The 52nd Corps (Generalkommando zbV 52) was a corps formation of the German Army in World War I. It was formed in September 1916 and was still in existence at the end of the war.

== Chronicle ==
The 52nd Corps (z.b.V.) was formed in September 1916. With the onset of trench warfare, the German Army recognised that it was no longer possible to maintain the traditional Corps unit, that is, one made up of two divisions. Whereas at some times (and in some places) a Corps of two divisions was sufficient, at other times 5 or 6 divisions were necessary. Therefore, under the Hindenburg regime (from summer 1916), new Corps headquarters were created without organic divisions. These new Corps were designated
General Commands for Special Use (Generalkommandos zur besonderen Verwendung).

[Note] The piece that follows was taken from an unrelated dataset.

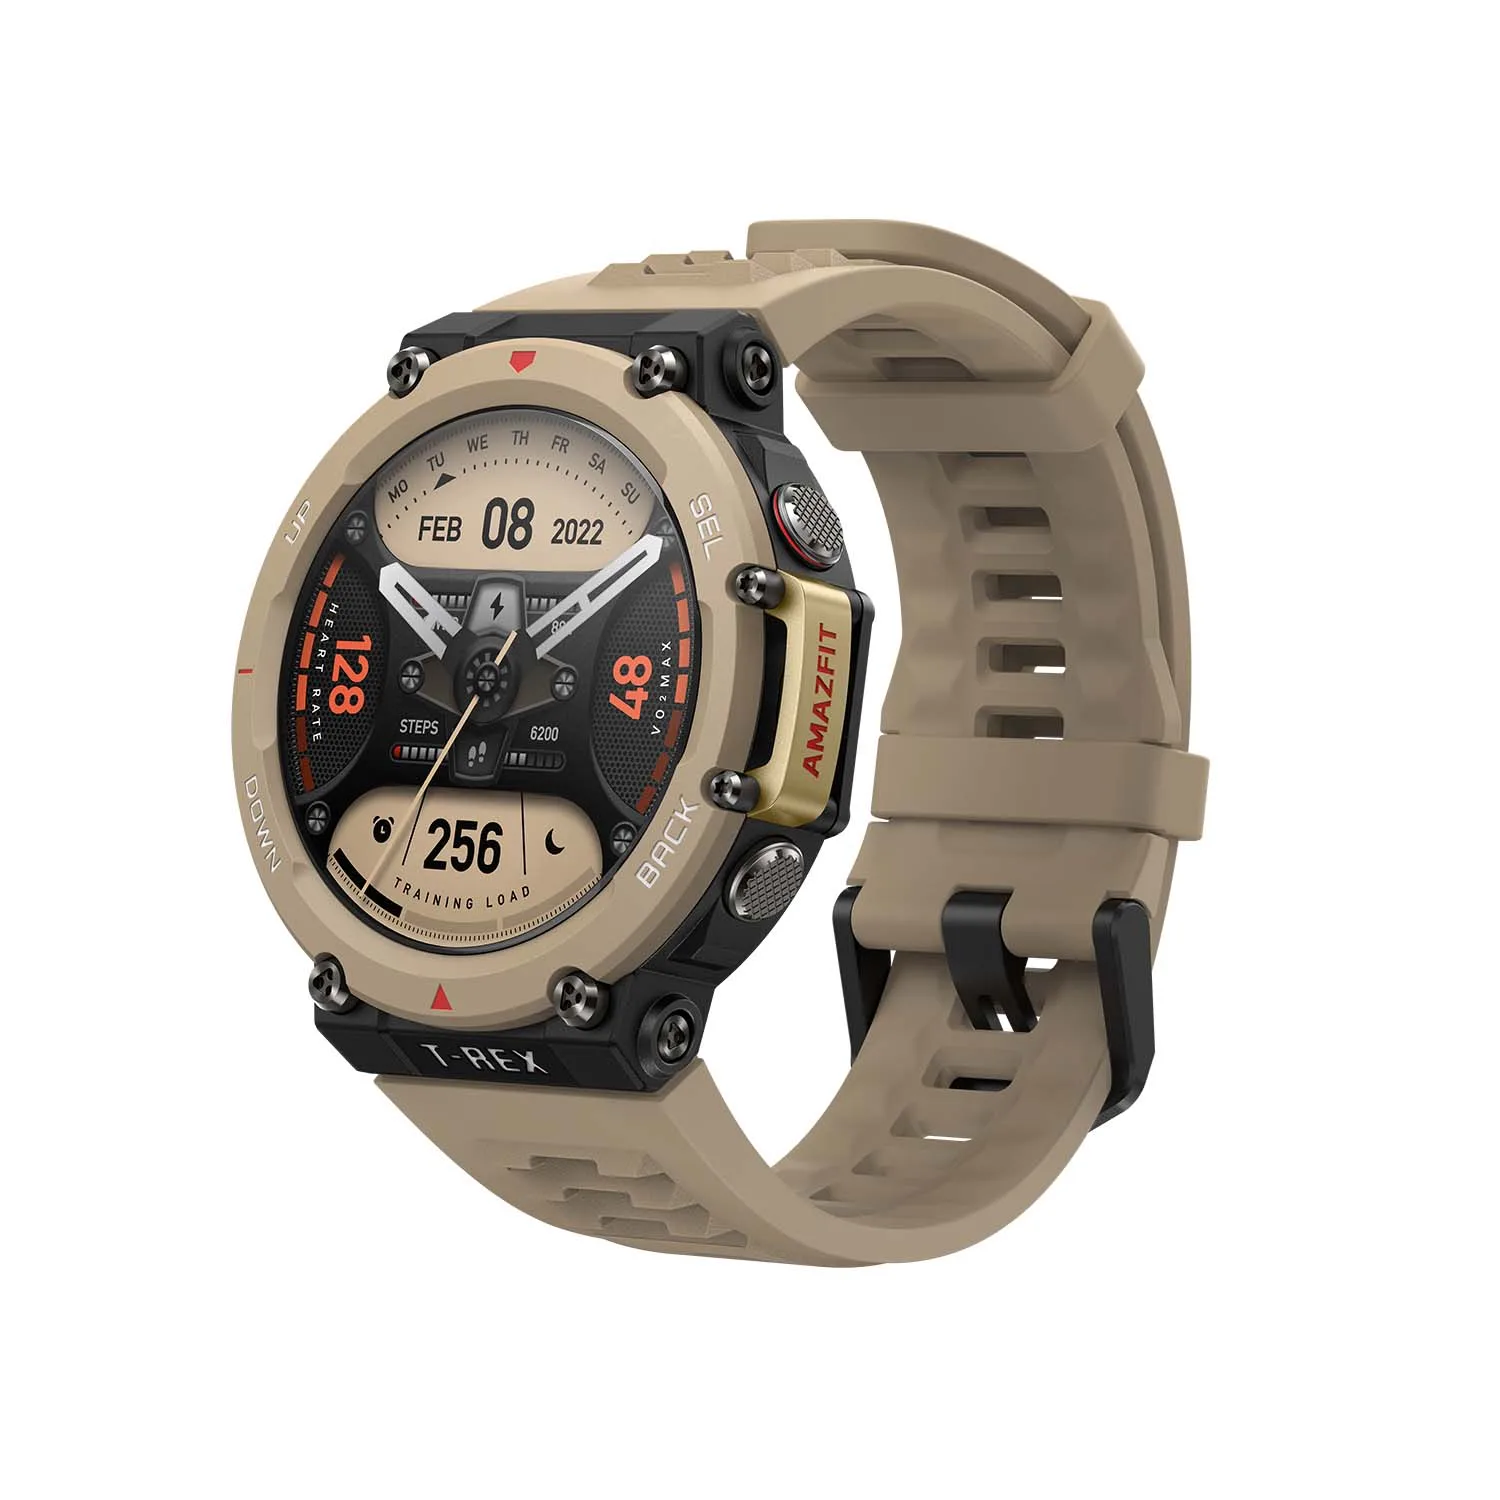 

Novo amazfit t rex 2 robusto ao ar livre gps smartwatch 24 dias de vida útil da bateria 150 + built-in esportes modos relógio in

The 52nd Corps took part in the Romanian Campaign. From the time it was raised, up until January 1918, 52nd Corps was also known as the Army of the Danube (Donau-Armee) though it never reached the strength of an Army.

== Commanders ==
The 52nd Corps was commanded throughout its existence by General der Infanterie Robert Kosch.

== See also ==

- German Army (German Empire)

== Bibliography ==
- Cron, Hermann (2002). "Imperial German Army 1914-18: Organisation, Structure, Orders-of-Battle [first published: 1937]"
- Ellis, John (1993). "The World War I Databook"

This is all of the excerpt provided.